## [DATA FOR THIS EXERCISE]
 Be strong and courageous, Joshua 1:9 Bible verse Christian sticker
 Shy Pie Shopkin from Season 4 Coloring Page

--

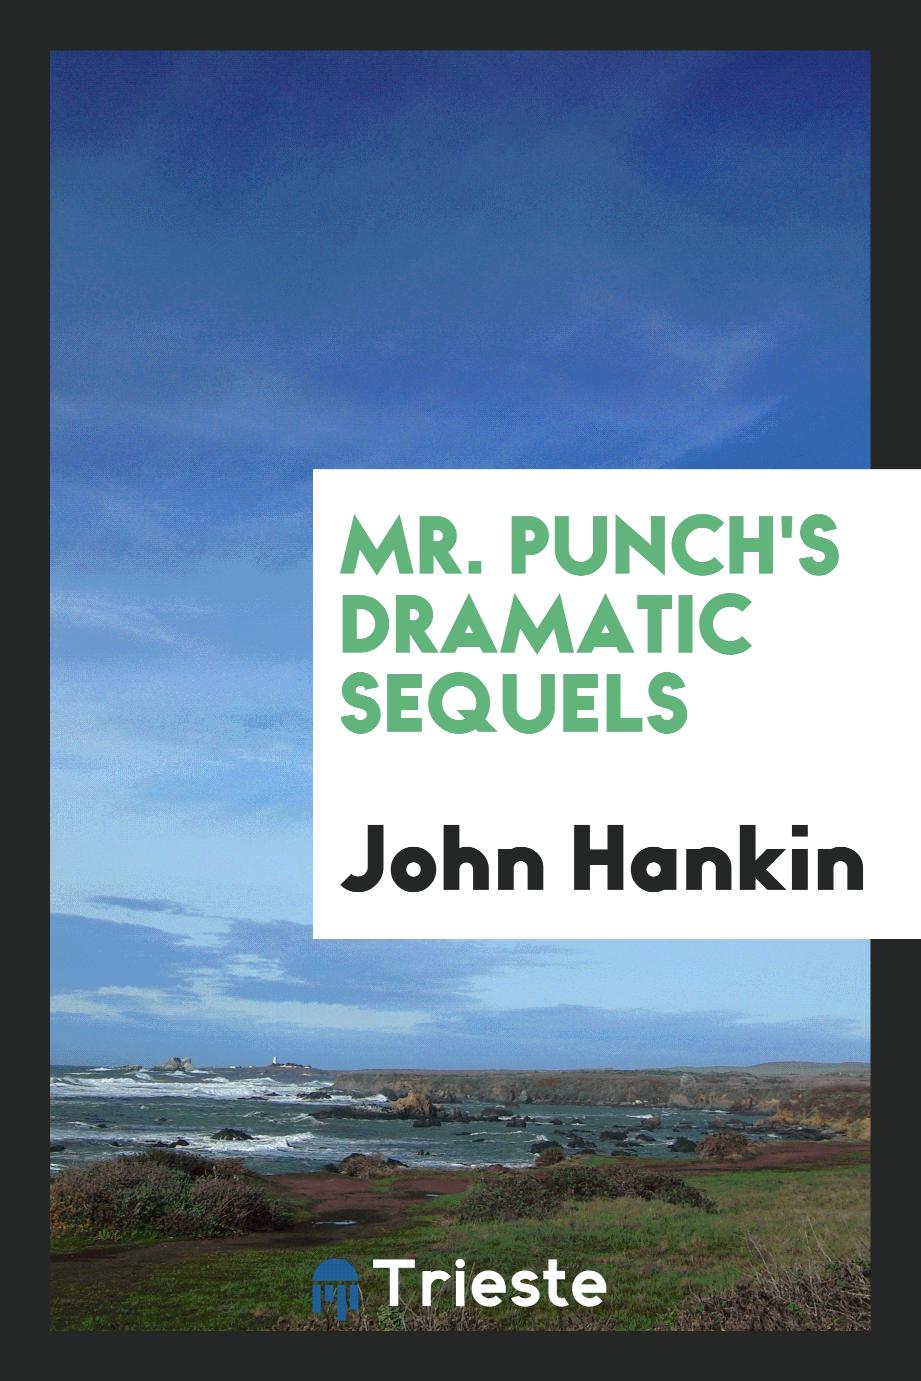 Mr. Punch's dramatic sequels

## [EXERCISE BRIEF]
Go through the listing above and write out exactly the lines starting with the one holding "Be strong and" and running through the one holding "Shy Pie Shopkin from Season 4 Coloring Page", ends included, and no others.

## [WORKED SOLUTION]
 Be strong and courageous, Joshua 1:9 Bible verse Christian sticker
 Shy Pie Shopkin from Season 4 Coloring Page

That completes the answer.